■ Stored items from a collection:
----
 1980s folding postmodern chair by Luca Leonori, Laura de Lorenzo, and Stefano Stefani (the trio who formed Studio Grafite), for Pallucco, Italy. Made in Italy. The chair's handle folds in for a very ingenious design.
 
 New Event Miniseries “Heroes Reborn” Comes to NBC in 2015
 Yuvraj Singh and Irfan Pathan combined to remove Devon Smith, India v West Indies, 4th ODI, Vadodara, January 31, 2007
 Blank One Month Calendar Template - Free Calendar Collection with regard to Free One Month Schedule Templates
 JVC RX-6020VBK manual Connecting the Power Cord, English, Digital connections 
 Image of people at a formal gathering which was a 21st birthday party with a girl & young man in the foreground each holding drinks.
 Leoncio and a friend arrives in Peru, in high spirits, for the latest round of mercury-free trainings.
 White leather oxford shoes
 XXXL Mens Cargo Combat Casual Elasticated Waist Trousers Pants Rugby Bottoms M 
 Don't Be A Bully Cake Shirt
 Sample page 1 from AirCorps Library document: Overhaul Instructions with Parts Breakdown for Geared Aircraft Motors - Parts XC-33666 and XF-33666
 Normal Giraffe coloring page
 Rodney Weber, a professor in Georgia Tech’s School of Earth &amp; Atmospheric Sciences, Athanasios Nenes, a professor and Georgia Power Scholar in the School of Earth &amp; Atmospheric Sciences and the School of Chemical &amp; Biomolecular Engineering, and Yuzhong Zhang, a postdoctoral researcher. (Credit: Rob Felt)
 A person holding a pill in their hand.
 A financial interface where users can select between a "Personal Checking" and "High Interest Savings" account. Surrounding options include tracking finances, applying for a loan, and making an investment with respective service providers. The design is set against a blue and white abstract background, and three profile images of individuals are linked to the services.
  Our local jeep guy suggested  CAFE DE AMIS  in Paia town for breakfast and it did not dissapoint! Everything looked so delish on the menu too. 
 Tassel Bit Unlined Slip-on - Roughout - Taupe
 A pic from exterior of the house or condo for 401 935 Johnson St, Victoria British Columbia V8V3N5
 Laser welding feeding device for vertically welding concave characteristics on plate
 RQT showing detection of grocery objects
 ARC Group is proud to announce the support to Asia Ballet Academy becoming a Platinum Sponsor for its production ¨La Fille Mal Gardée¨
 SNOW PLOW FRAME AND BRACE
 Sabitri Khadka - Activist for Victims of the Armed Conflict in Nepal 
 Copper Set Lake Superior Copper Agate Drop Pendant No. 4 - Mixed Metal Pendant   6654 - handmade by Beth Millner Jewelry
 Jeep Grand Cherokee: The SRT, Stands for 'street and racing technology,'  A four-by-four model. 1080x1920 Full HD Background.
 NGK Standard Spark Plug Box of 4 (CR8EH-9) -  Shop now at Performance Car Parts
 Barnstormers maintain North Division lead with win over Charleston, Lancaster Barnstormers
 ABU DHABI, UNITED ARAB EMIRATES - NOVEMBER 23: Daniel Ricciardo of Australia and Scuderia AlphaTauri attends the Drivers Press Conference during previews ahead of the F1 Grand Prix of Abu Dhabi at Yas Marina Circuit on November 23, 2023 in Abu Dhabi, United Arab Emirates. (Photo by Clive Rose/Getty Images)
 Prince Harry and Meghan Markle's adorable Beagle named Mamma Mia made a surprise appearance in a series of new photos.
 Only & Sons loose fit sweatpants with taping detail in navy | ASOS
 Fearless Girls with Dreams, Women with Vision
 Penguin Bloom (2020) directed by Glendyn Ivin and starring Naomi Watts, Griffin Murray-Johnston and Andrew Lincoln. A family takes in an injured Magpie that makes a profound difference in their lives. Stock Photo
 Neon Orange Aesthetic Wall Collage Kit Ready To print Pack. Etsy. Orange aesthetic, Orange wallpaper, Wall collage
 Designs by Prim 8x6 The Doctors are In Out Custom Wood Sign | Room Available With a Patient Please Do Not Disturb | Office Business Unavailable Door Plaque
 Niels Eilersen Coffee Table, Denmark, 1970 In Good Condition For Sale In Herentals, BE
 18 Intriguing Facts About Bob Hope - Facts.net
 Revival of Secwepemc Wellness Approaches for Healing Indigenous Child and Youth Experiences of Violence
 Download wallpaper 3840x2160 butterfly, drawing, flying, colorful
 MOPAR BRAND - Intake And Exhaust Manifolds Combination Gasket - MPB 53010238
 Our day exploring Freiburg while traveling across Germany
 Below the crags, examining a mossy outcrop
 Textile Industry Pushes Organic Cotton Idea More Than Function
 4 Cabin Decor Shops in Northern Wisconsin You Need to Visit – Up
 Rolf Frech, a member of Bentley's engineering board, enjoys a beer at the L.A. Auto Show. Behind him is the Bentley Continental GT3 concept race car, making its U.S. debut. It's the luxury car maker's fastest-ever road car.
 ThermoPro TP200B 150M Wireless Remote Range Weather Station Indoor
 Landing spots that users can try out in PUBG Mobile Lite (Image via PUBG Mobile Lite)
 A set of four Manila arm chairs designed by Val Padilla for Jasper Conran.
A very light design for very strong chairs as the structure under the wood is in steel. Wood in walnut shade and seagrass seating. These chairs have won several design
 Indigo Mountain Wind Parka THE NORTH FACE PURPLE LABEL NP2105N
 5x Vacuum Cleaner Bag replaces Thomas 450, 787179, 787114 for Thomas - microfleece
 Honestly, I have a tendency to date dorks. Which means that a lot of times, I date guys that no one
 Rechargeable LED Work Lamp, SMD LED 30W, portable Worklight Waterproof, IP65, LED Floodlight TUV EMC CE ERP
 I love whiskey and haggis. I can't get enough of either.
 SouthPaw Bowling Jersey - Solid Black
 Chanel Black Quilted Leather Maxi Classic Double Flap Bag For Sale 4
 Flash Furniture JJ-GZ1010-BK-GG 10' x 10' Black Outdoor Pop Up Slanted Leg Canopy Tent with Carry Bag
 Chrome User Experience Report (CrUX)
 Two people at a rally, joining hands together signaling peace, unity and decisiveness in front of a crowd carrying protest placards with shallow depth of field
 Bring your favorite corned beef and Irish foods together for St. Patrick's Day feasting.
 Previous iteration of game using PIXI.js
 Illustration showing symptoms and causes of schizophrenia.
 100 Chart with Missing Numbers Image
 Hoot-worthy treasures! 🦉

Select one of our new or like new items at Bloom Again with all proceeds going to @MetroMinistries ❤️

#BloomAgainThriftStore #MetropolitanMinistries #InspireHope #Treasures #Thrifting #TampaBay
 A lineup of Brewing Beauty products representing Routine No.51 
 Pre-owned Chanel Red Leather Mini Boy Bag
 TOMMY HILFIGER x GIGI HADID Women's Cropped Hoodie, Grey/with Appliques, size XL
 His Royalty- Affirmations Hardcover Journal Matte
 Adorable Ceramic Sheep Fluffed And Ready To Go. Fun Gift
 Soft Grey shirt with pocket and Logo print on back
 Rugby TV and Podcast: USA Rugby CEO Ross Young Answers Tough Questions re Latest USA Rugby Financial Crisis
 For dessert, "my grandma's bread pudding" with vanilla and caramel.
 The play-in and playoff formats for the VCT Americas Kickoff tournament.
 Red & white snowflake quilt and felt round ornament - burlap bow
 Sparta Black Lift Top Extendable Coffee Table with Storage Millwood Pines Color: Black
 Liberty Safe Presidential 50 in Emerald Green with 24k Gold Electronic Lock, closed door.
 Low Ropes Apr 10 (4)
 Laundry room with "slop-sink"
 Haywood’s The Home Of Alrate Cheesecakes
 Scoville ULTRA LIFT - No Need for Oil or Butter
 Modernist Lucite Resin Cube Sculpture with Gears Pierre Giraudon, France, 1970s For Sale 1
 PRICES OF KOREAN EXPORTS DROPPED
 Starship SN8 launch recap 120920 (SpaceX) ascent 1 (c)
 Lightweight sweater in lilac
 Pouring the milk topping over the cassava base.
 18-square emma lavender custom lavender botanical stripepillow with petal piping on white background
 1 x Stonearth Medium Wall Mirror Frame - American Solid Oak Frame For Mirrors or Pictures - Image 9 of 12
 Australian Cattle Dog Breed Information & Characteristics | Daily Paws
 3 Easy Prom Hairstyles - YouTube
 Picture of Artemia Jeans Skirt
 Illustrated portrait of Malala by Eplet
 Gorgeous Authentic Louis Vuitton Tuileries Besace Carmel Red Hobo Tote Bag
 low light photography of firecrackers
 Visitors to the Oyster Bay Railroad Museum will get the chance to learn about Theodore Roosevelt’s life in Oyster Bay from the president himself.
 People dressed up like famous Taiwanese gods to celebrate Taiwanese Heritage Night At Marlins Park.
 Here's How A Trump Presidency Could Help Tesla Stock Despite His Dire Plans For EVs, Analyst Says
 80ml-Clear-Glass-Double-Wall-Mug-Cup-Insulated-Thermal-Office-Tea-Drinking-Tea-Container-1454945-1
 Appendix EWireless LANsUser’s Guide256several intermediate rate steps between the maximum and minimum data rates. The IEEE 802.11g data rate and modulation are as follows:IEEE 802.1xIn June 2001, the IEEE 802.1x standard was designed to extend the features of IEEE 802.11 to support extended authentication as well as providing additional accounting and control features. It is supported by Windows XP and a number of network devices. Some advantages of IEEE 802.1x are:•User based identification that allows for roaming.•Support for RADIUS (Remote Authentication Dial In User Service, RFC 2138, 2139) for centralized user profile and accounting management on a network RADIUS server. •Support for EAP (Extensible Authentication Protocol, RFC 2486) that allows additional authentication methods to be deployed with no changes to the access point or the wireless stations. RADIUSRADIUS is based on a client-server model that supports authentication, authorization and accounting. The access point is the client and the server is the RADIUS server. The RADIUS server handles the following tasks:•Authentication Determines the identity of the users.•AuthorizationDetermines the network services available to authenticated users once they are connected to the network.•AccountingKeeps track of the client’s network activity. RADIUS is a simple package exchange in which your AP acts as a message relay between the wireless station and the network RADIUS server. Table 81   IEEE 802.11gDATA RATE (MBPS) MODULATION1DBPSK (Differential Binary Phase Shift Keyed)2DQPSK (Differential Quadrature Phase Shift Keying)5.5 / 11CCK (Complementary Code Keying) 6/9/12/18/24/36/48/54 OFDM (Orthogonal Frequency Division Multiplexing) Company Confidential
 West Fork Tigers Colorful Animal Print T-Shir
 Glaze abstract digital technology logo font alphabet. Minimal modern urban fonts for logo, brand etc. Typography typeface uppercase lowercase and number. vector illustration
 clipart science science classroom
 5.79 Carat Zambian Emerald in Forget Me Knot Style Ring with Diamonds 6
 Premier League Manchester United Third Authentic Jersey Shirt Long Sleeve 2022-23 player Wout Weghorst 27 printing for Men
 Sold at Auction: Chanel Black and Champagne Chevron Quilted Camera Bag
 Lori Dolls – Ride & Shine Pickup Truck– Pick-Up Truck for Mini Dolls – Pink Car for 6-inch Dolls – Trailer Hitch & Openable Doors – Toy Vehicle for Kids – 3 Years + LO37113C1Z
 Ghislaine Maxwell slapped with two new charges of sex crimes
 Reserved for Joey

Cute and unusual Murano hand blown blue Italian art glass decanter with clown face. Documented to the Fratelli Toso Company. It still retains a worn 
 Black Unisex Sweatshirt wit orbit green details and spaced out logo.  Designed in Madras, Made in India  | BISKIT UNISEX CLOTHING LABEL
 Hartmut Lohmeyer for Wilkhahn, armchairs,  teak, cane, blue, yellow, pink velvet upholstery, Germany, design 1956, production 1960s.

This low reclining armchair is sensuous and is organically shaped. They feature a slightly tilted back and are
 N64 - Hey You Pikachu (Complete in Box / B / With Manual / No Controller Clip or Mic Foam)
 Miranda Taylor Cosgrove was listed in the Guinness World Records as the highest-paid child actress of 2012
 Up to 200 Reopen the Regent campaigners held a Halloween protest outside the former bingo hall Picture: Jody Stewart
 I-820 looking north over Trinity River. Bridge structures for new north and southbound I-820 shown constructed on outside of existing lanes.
----
■ EXERCISE BRIEF: Each line from the top of the records above through the line containing "A person holding a pill in their hand." needs to be transcribed exactly, and no line after it.

■ REPLY TO THE TASK:
 1980s folding postmodern chair by Luca Leonori, Laura de Lorenzo, and Stefano Stefani (the trio who formed Studio Grafite), for Pallucco, Italy. Made in Italy. The chair's handle folds in for a very ingenious design.
 
 New Event Miniseries “Heroes Reborn” Comes to NBC in 2015
 Yuvraj Singh and Irfan Pathan combined to remove Devon Smith, India v West Indies, 4th ODI, Vadodara, January 31, 2007
 Blank One Month Calendar Template - Free Calendar Collection with regard to Free One Month Schedule Templates
 JVC RX-6020VBK manual Connecting the Power Cord, English, Digital connections 
 Image of people at a formal gathering which was a 21st birthday party with a girl & young man in the foreground each holding drinks.
 Leoncio and a friend arrives in Peru, in high spirits, for the latest round of mercury-free trainings.
 White leather oxford shoes
 XXXL Mens Cargo Combat Casual Elasticated Waist Trousers Pants Rugby Bottoms M 
 Don't Be A Bully Cake Shirt
 Sample page 1 from AirCorps Library document: Overhaul Instructions with Parts Breakdown for Geared Aircraft Motors - Parts XC-33666 and XF-33666
 Normal Giraffe coloring page
 Rodney Weber, a professor in Georgia Tech’s School of Earth &amp; Atmospheric Sciences, Athanasios Nenes, a professor and Georgia Power Scholar in the School of Earth &amp; Atmospheric Sciences and the School of Chemical &amp; Biomolecular Engineering, and Yuzhong Zhang, a postdoctoral researcher. (Credit: Rob Felt)
 A person holding a pill in their hand.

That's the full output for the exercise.